Work instruction: Set down, please, exactly the lines below that run from the line with "Ash Leaves Small" to the line with "Winston Churchill watches", both lines included.

The data:
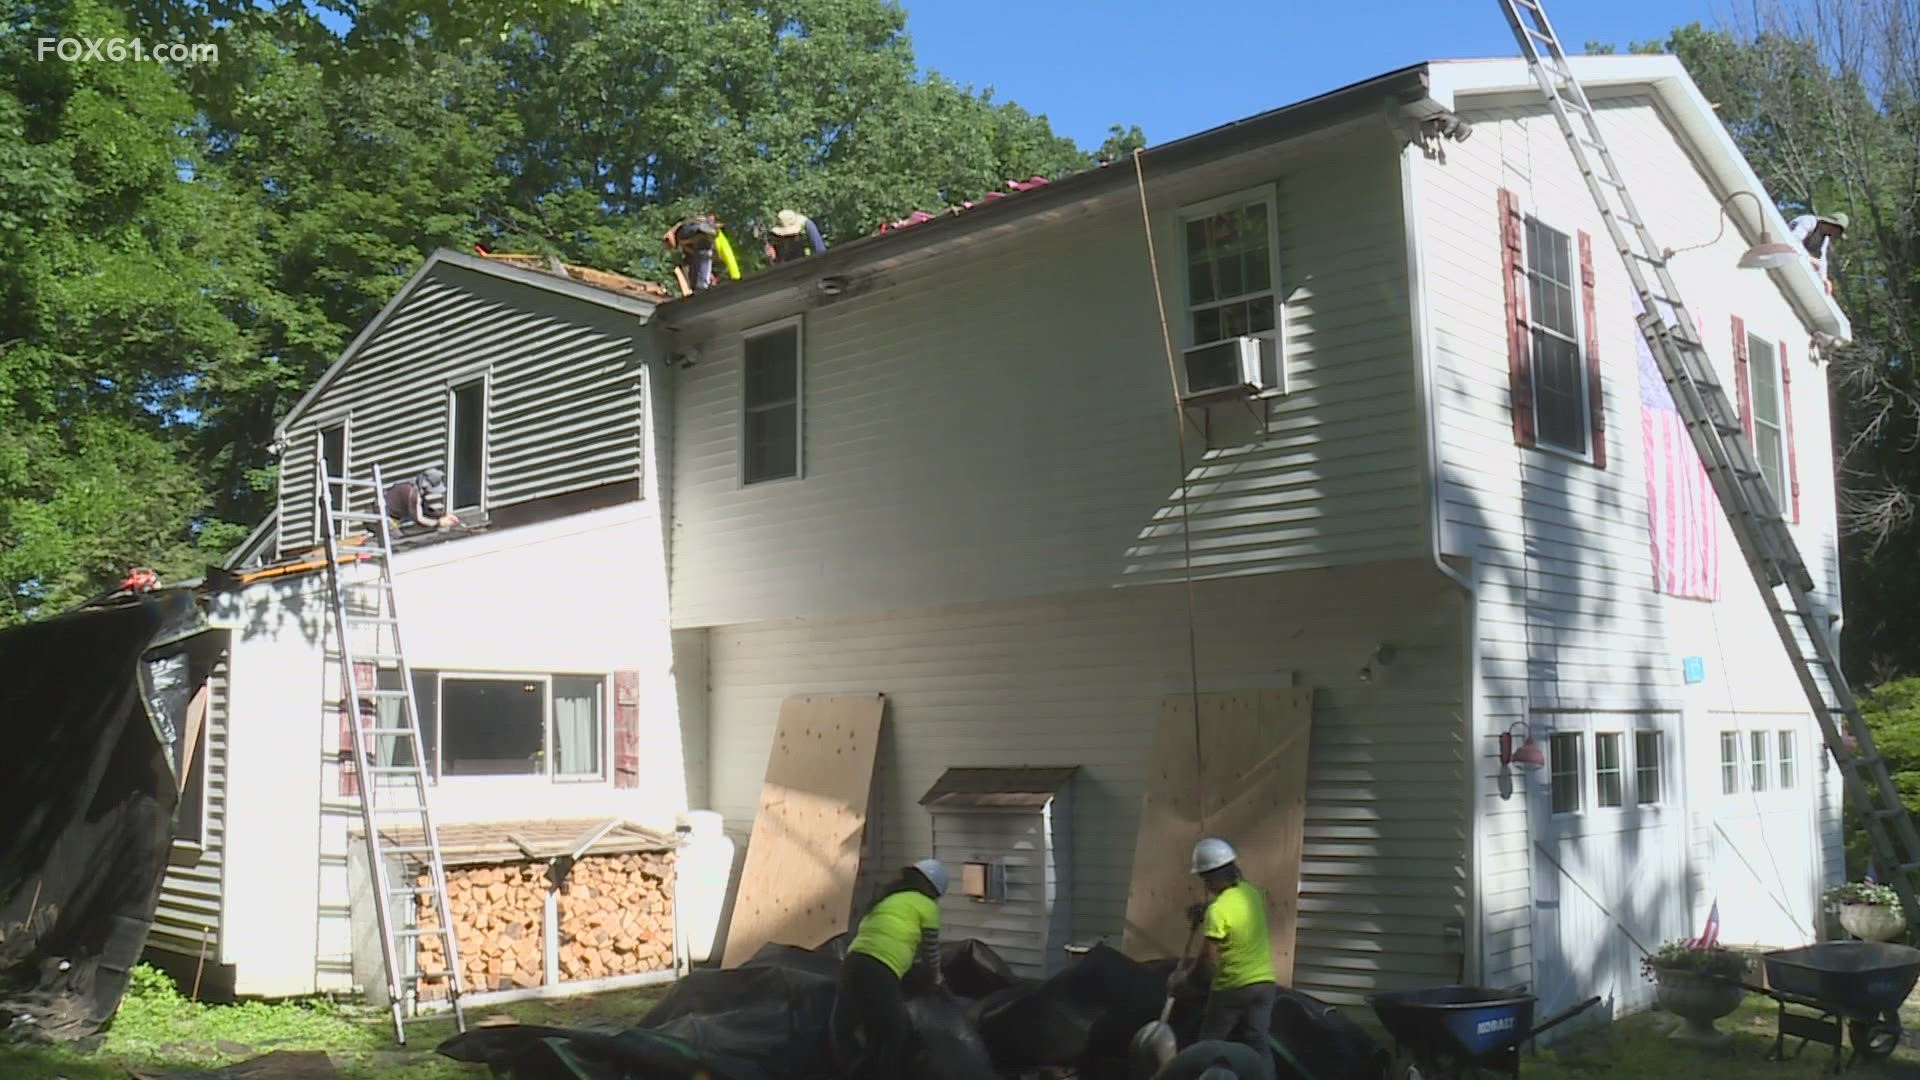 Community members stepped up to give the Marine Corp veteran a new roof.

---

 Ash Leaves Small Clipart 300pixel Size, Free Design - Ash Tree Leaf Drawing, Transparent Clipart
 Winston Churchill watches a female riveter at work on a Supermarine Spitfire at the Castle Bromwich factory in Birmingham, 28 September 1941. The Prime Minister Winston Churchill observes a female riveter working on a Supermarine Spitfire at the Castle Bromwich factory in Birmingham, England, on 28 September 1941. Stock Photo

--

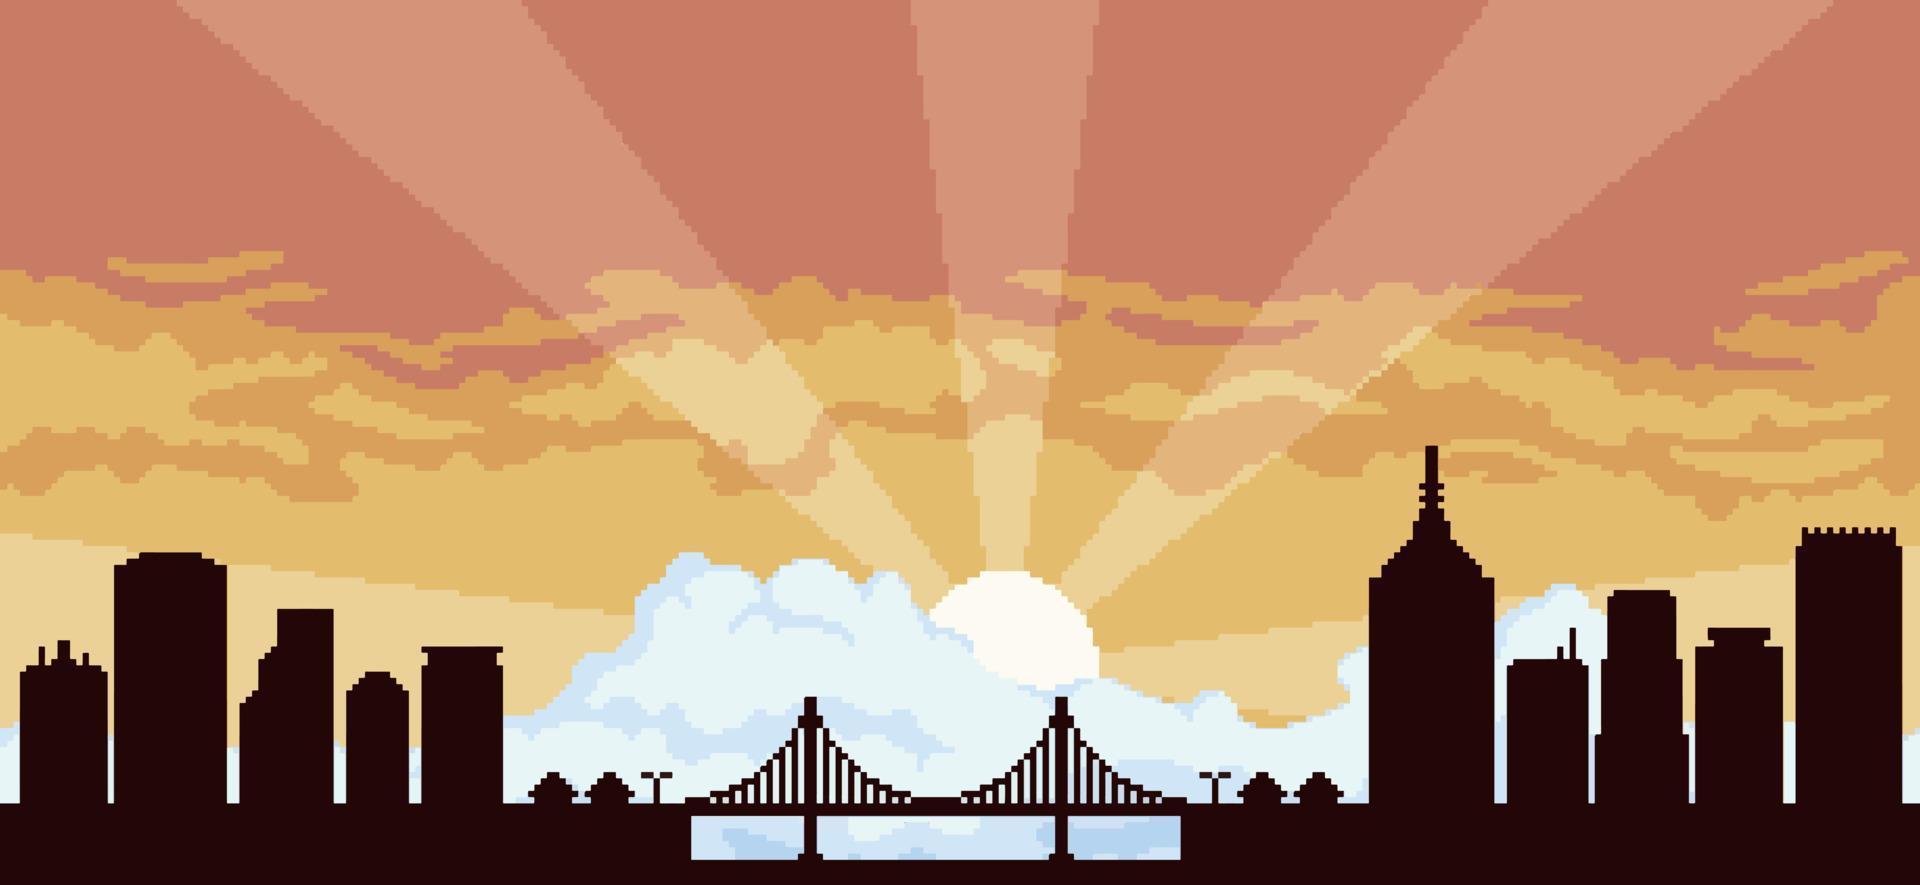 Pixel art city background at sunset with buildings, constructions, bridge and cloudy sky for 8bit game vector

Answer to the exercise:
 Ash Leaves Small Clipart 300pixel Size, Free Design - Ash Tree Leaf Drawing, Transparent Clipart
 Winston Churchill watches a female riveter at work on a Supermarine Spitfire at the Castle Bromwich factory in Birmingham, 28 September 1941. The Prime Minister Winston Churchill observes a female riveter working on a Supermarine Spitfire at the Castle Bromwich factory in Birmingham, England, on 28 September 1941. Stock Photo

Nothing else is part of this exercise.